LA PAZ – Bolivia’s crops of coca leaf declined by a scant 1 percent in 2015 and now occupy 20,200 hectares (49,900 acres), according to a report released Tuesday by the United Nations.
The representative of the UN Office on Drugs and Crime, Antonino di Leo, presented a technical study to Bolivian authorities in the Foreign Ministry.
Bolivia, like neighboring Peru, allows the limited cultivation of coca for legal uses in Andean religious rites and as a folk remedy for altitude sickness, but some production is diverted for use as the raw material of cocaine.
Specifically, as the UN study shows, coca crops dropped slightly from 20,400 to 20,200 hectares (50,400 to 49,900 acres), despite efforts made throughout the year by agents of the eradication corps to destroy some 11,000 hectares (27,000 acres) of the leaf by hand and with machetes.
The report was prepared with satellite images and the results of inspection missions by land and air in coca-growing areas, similar to studies the UNODC carries out in Peru and Colombia.

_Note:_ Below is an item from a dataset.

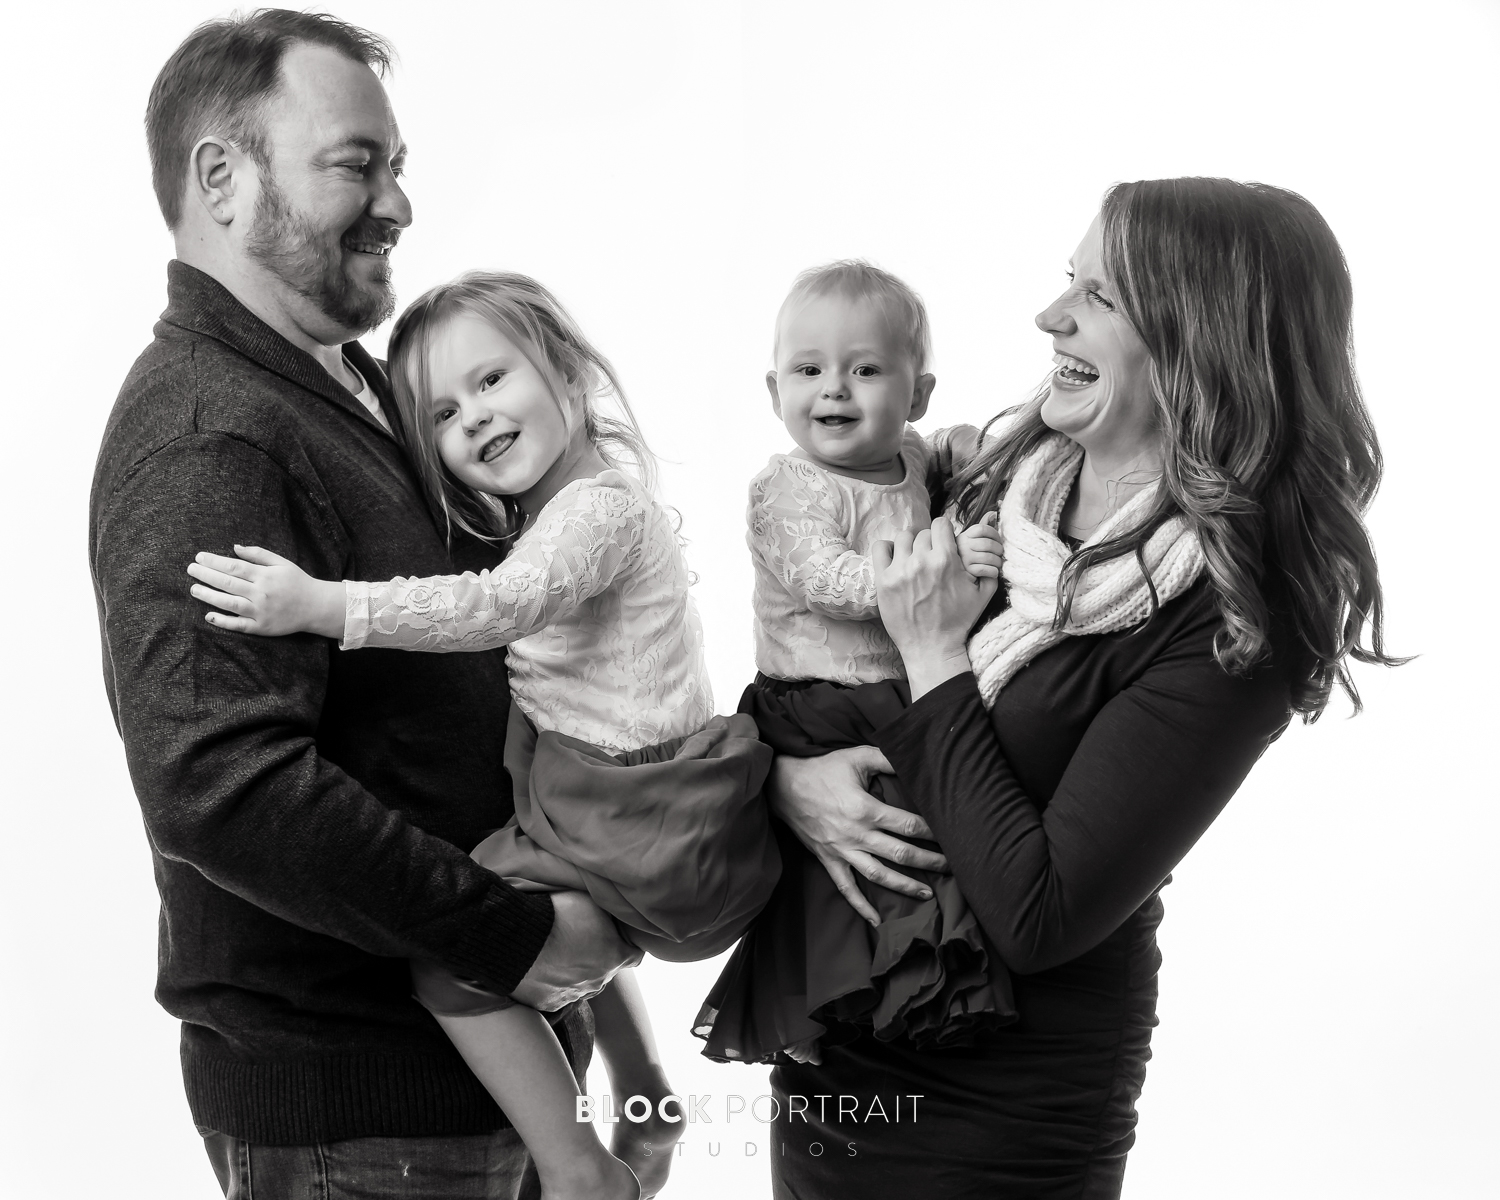 Black and White picture of family by newborn photographer Block Portrait Studios in Saint Paul Minnesota studio

The investigation also calculates that potential coca production in Bolivia is around 32,500 metric tons, of which some 65 percent is sold at the country’s only two legal markets for the plant.
The remaining 35 percent of production, equivalent to 11,299 metric tons, does not go through legal markets, the report said.

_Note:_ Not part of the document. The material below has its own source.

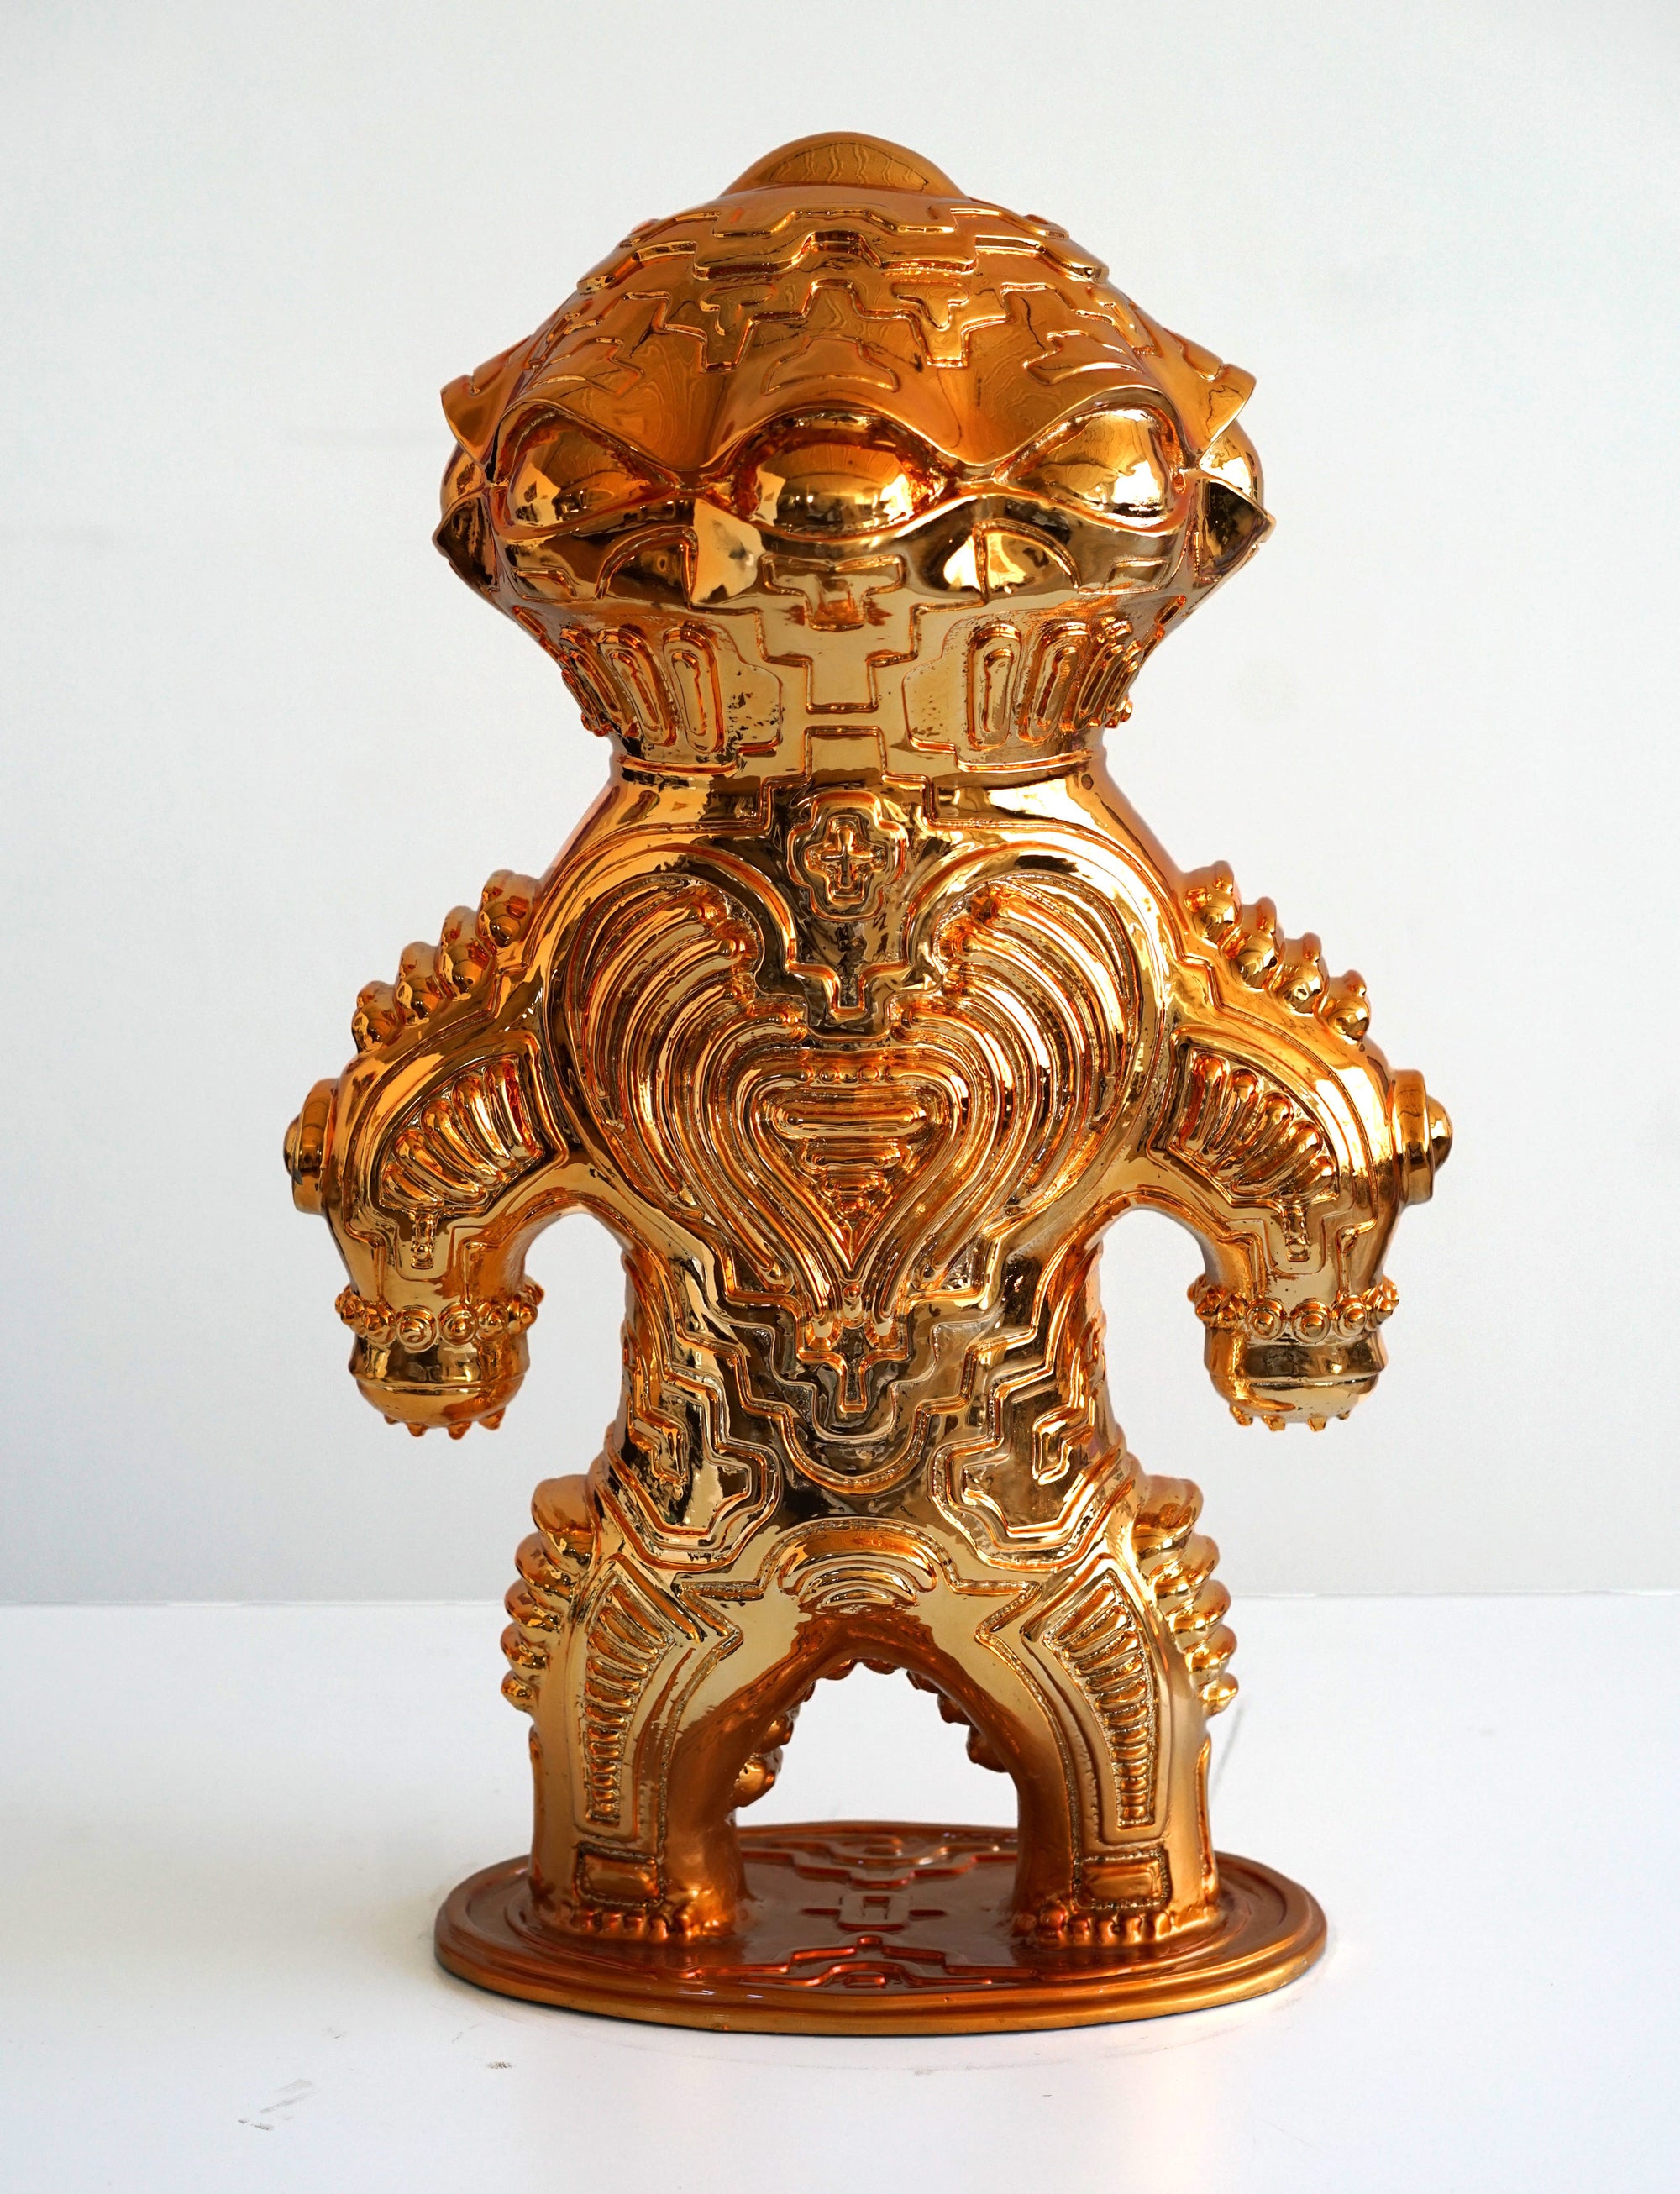 Dogu Gold Chrome Plated Sculpture by Ben Ridgway

Bolivian President Evo Morales continues being the leader of coca producers in the Chapare area.
Both the government and farm workers have openly suggested that anti-drug legislation should be changed to increase the amount of coca crops permitted by law from 12,000 to 20,000 hectares (29,600 to 49,400 acres).
Colombia is the world’s largest producer of cocaine, with total output greater than that of Peru and Bolivia combined.